Dorotan turned and regarded these people as an artist might a sketch.

purple yam

There was a spread on the table: eggs, garlic-fried rice and tocino, the sweetened cured pork known sometimes as Filipino bacon thin rice noodles with chicken, pork and swirls of vegetable Balinese fried chicken and a purée of taro and sweet potato as rich as softened butter. Purple Yam serves lunch on weekends only. There was a family eating lunch at one of the booths in the back of the restaurant, across from its partly open kitchen, under a bead-board ceiling. They moved to Brooklyn, to Ditmas Park, a neighborhood of Victorian houses and discount stores, to start again. Dorotan and his wife, Amy Besa, closed it in March. There was a long brick wall behind him reminiscent of the one that dominated his last restaurant, Cendrillon, in SoHo, for more than a decade. He looked a bit like a ship’s captain: formidable, intimidating, kind. It was early afternoon and the place smelled of fresh flowers, vinegar and fried pork. It was just after Christmas, and there were still holiday songs playing on the stereo behind him. Apart from its beautiful color and delicious taste, ube also contains vitamins A and C, as well as high levels of potassium.ROMY DOROTAN, the chef and an owner of Purple Yam, stood at the bar of his restaurant, looking out at Cortelyou Road in the rain.

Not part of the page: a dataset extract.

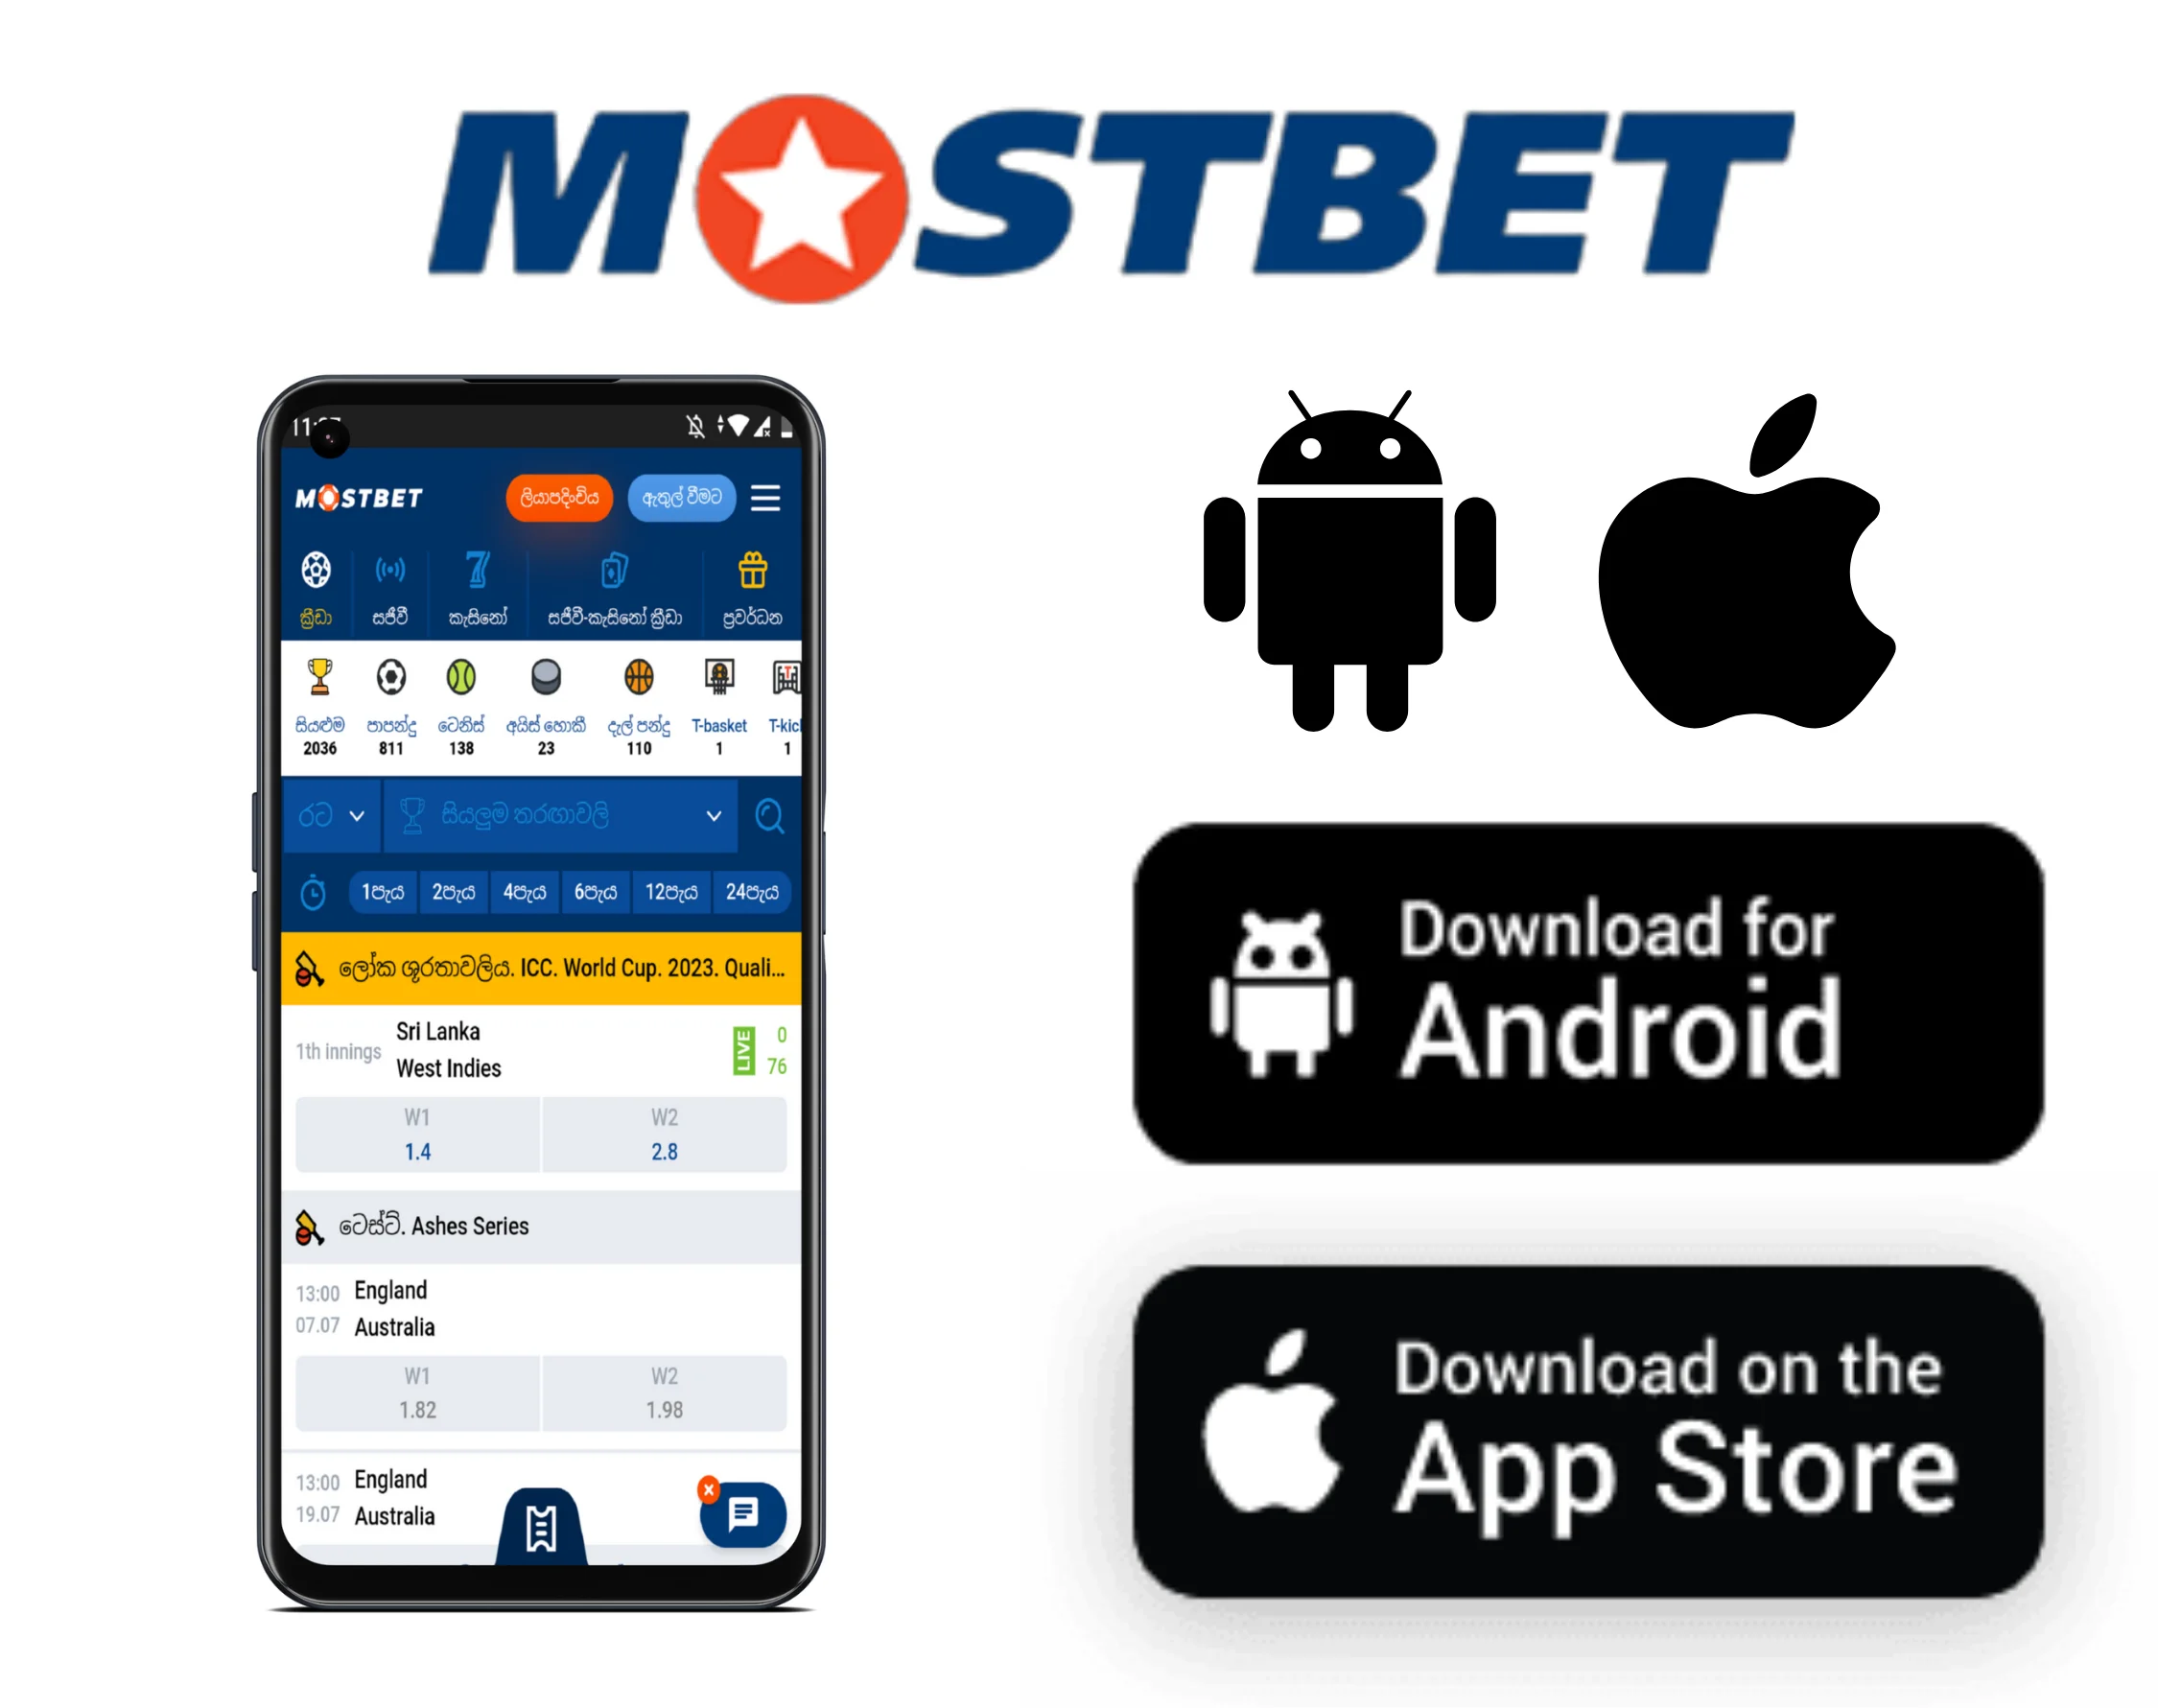 10 Reasons Why Having An Excellent Mostbet offers an exhilarating platform for those passionate about online betting. With its wide range of betting options, live betting features, and high winning odds, it provides a comprehensive and thrilling betting experience. Whether you're looking t Is Not Enough

In addition to their differences in taste, ube is more moist than sweet potatoes, which tend to be drier in texture. Even though ube and purple sweet potatoes share a sweet, earthy taste, ube has a distinctively nuttier, vanilla-like flavor. Anthocyanins, which are powerful antioxidants, are responsible for the purple color of both ingredients.

#Purple yam skin#

Purple sweet potatoes have a more smooth purple-colored skin and lilac-colored flesh. Fresh ube has a dark, bark-like skin and flesh that can vary in color from a creamy white to a deep lavender. One of the most striking differences between the two is their appearance. Although purple sweet potatoes and ube share a rich purple color, they are entirely different ingredients. Ube is not to be confused with a purple sweet potato. (In the Philippines, it is also called ubi when sold in seed catalogs in the United States for growing at home it is sometimes called "winged yam"). The word ube (pronounced "ooo-bay") comes from the yam's name in Tagalog, the national language of the Philippines. Ube is a major vegetable crop in the Philippines.